Ottilie, called Ottla by her family, was born in Prague, then part of the Austro-Hungarian Empire, into a middle-class Ashkenazi Jewish family. Her father was the businessman Hermann Kafka (1852–1931), her mother, Julie (1856–1934), was the daughter of Jakob Löwy, a brewer in Poděbrady. She had three siblings, Franz, Gabriele ("Elli") (1889–1942) and Valerie ("Valli") (1890–1942). She was Franz's favourite sister. She was a close confidant (enge Vertraute), and he called her unbeschadet der Liebe zu den anderen, die bei weitem liebste (the love to the others notwithstanding, the dearest by far). He helped her get an education at an agricultural school. She lived and worked at the agricultural estate of her brother-in-law, Karl Hermann, in West Bohemian Zürau (now Siřem, community Blšany). In 1916–17, she provided her brother with a writing refuge where he was able to write many short stories, and he also lived on Hermann's estate from September 1917 to April 1918, already suffering from tuberculosis. During this time he wrote Die Zürauer Aphorismen (The Zürau Aphorisms).

In July 1920, Ottla married the Czech Catholic Joseph David, against her father's will. Their daughters Věra (nicknamed Valli) and Helene (nicknamed Elli) were born in 1921 and 1923. Franz Kafka watched them grow up until he died in June 1924. The marriage was not happy and they were divorced in August 1942. Ottla thus lost her protection against the persecution of Jews.

Like many other Jews from Prague, Ottla and her sisters were deported during World War II by the Nazis. Elli and Valli were sent with their families to the Łódź Ghetto, and then to Chelmno where they were murdered. Ottla was sent to the concentration camp at Theresienstadt. On 5 October 1943, Ottla accompanied a group of children as a voluntary assistant.

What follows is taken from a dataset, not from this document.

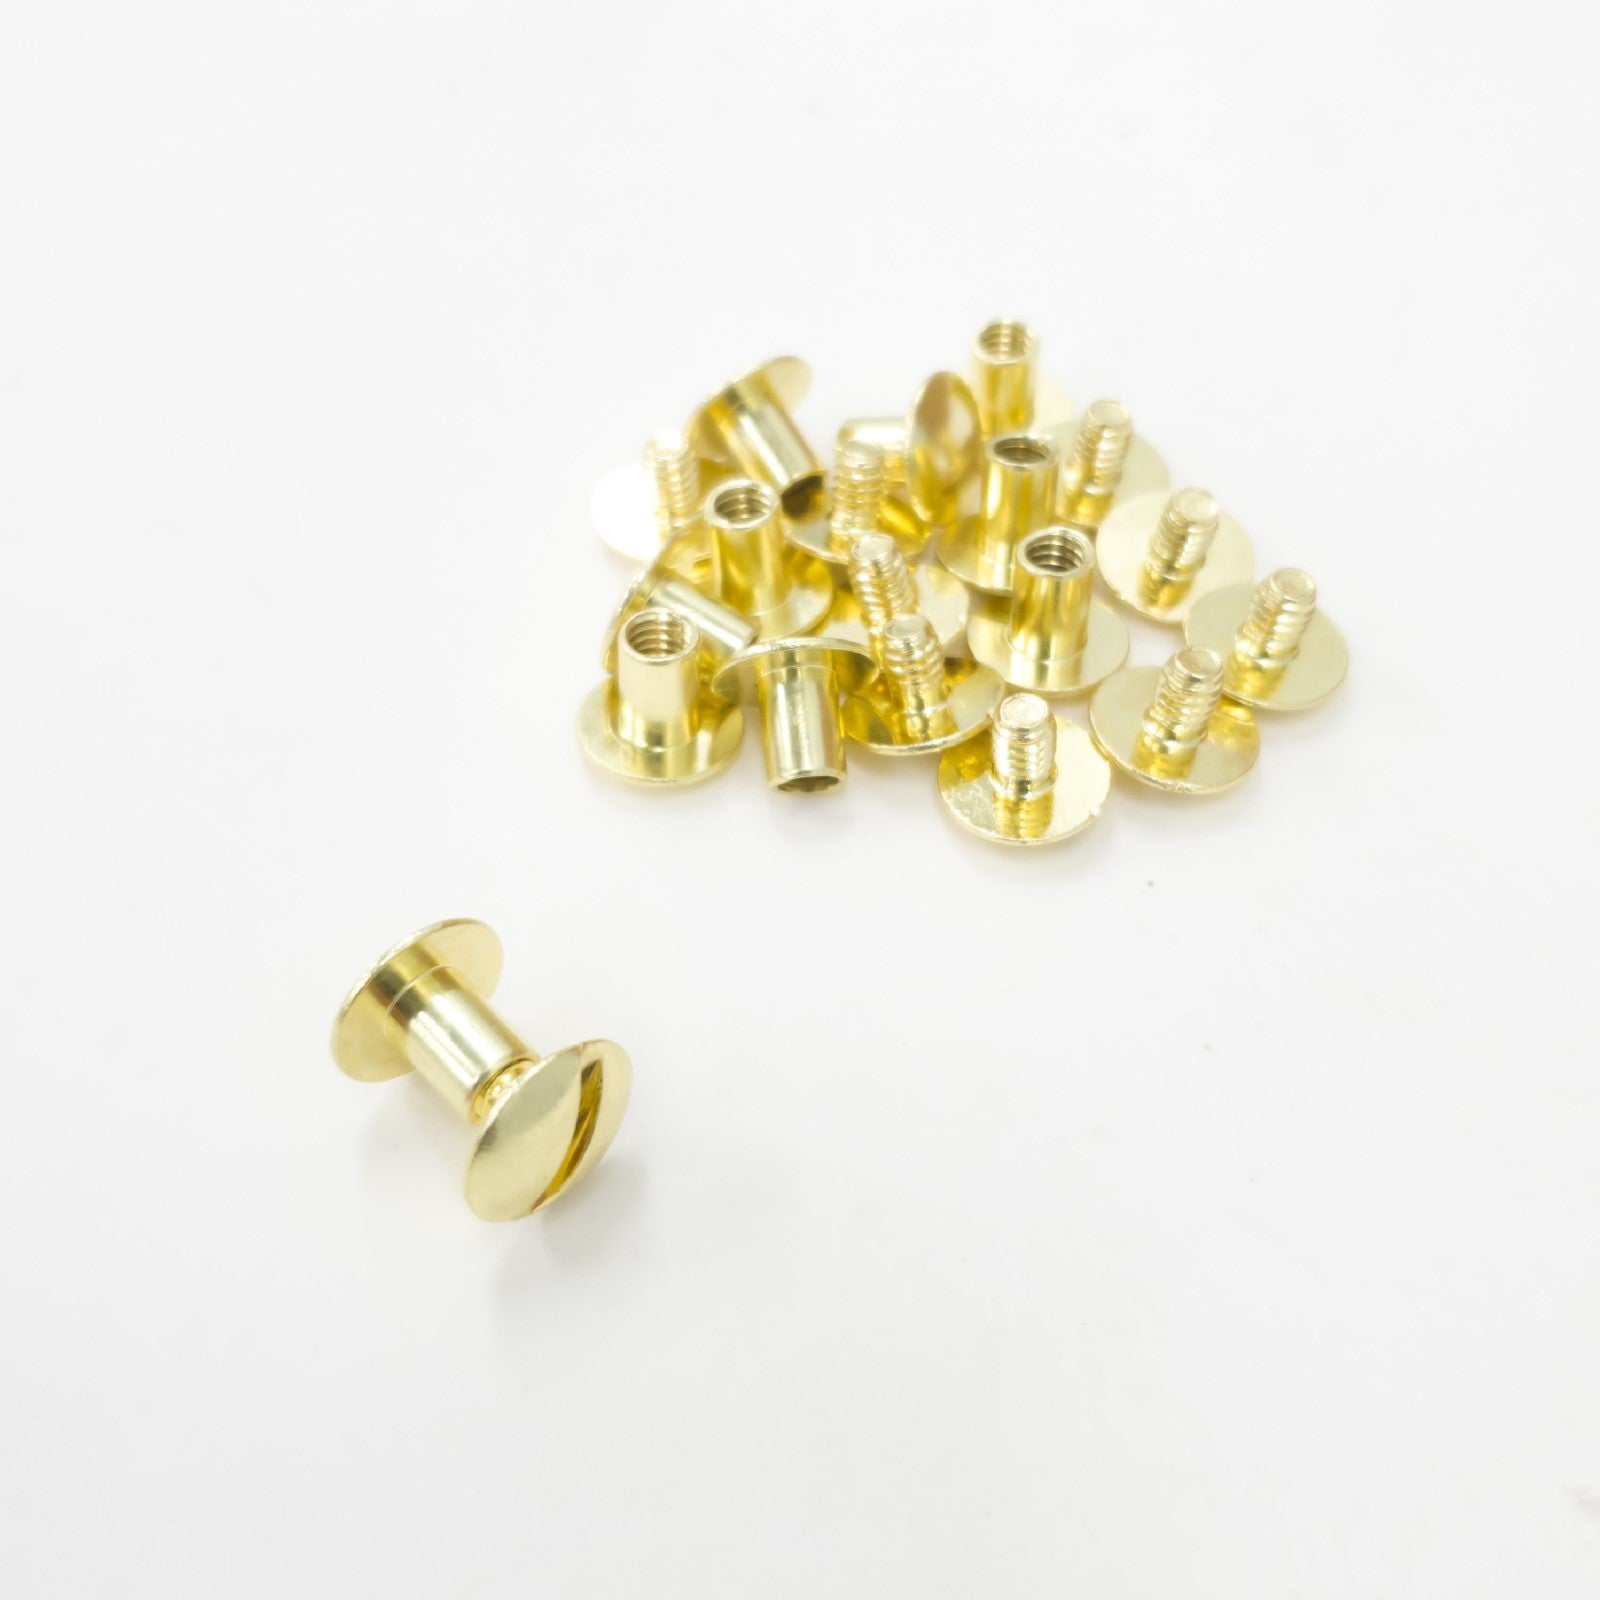 Chicago Screws, 6 mm/ 1/4", 10 Pack, Brass | The Leather Guy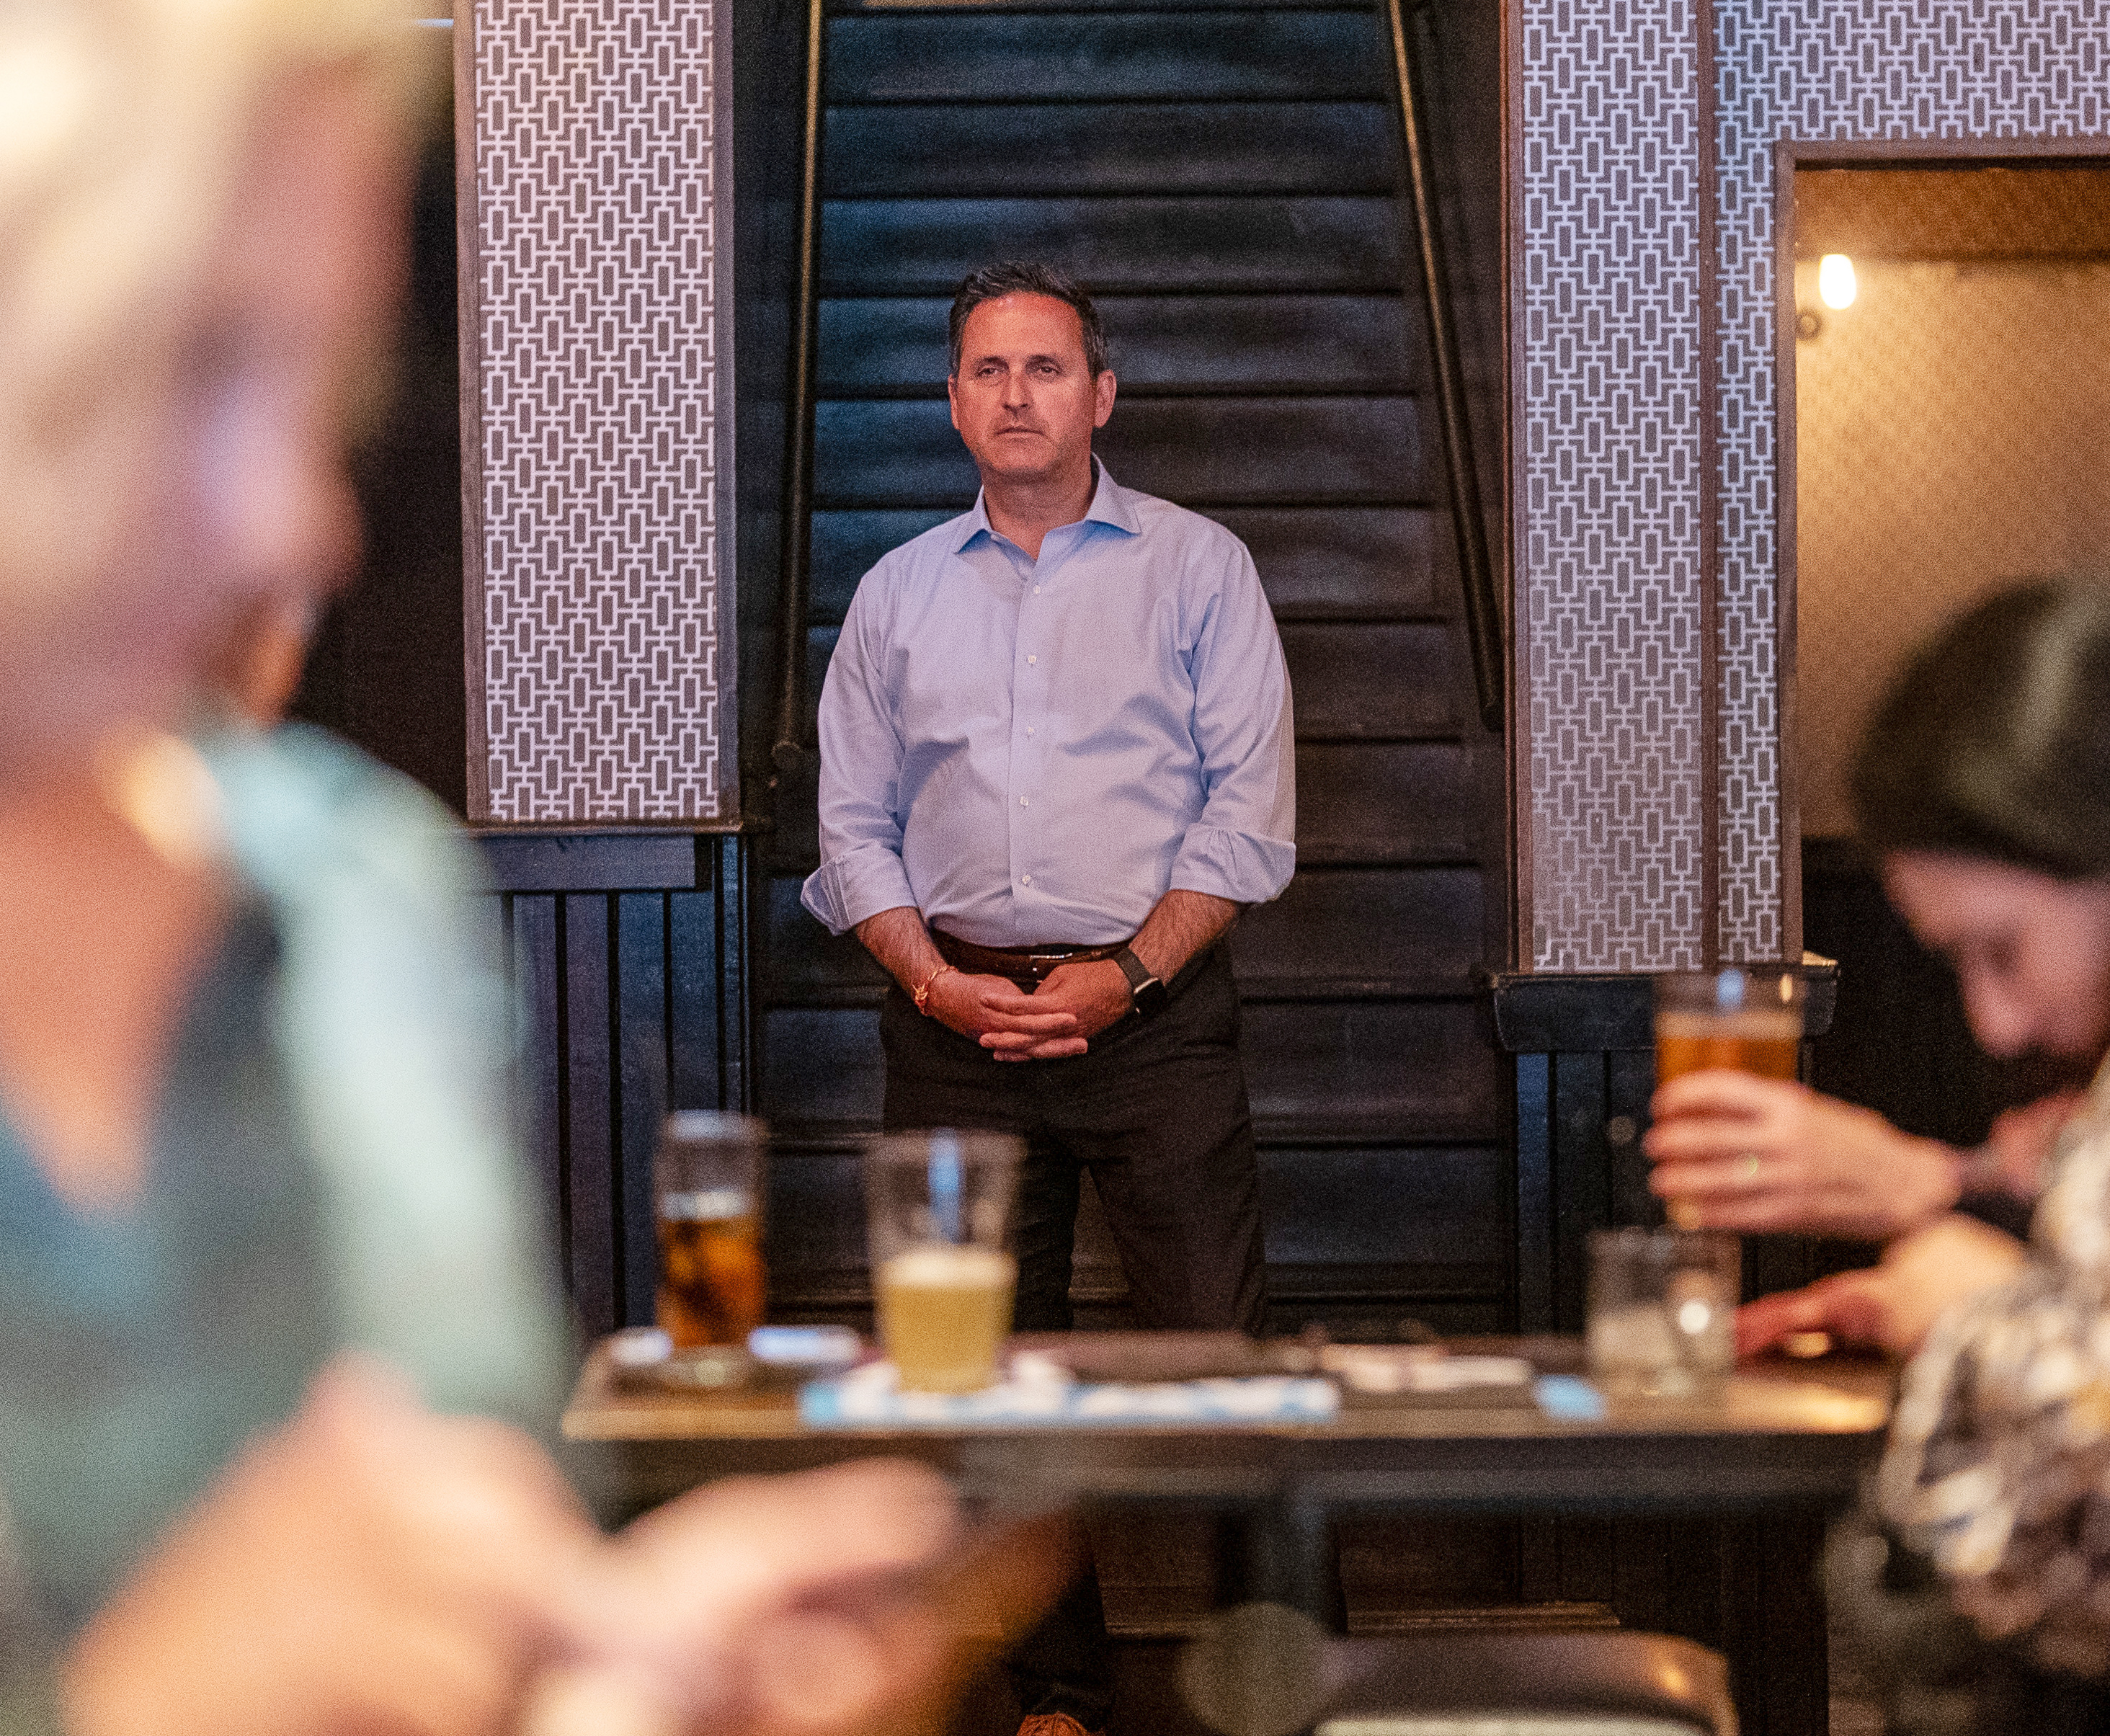 A man in a blue shirt stands attentively in a dimly lit bar, surrounded by blurred figures focused on their drinks and conversations.

When the transport reached Auschwitz concentration camp two days later, all were murdered in the gas chambers.

== Legacy ==

The correspondence between Franz and Ottla Kafka is preserved. It was first published in 1974 by Hartmut Binder and Klaus Wagenbach, and published in English as Letters to Ottla & the Family. In January 2011 it was announced that the original letters were to be sold as a bundle at a Berlin auction house. The German Literature Archive in Marbach hoped to be able to obtain it with help from the private sector; in April 2011 they and the Bodleian Library in Oxford acquired it. They thanked Ottla's heirs for their willingness to sell before the auction, and those who assisted in making it possible to raise the needed funds, including one generous donor who remained anonymous at his own request.